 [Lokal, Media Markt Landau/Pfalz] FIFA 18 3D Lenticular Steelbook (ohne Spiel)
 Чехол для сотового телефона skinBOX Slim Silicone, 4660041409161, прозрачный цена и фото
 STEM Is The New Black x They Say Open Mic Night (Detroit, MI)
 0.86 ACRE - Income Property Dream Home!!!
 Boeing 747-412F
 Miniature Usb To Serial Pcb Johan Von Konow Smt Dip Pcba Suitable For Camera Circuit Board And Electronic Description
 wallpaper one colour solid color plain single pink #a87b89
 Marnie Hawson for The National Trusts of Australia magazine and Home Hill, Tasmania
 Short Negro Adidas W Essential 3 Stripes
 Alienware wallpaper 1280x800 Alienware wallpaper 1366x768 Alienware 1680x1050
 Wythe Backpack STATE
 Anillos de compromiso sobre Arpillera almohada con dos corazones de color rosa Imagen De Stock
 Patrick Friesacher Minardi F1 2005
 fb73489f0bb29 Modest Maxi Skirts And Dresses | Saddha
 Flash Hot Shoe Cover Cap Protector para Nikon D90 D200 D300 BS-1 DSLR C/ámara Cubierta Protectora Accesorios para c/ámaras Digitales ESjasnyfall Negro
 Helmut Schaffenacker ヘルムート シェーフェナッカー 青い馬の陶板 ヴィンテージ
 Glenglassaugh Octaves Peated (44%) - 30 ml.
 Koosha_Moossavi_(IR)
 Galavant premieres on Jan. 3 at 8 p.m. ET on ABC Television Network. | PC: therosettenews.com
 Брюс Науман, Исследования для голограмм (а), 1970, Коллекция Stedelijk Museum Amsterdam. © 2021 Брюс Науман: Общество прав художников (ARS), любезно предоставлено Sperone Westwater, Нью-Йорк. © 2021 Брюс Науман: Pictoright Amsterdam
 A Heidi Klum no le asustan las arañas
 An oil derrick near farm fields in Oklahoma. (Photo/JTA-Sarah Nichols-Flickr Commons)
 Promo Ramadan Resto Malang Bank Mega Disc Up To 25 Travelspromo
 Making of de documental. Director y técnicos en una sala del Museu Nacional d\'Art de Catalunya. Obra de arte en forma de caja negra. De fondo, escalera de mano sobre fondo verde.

> Required work: Go through the entries. Report every line that contains the word "Negro".

> Exercise result:
 Short Negro Adidas W Essential 3 Stripes
 Flash Hot Shoe Cover Cap Protector para Nikon D90 D200 D300 BS-1 DSLR C/ámara Cubierta Protectora Accesorios para c/ámaras Digitales ESjasnyfall Negro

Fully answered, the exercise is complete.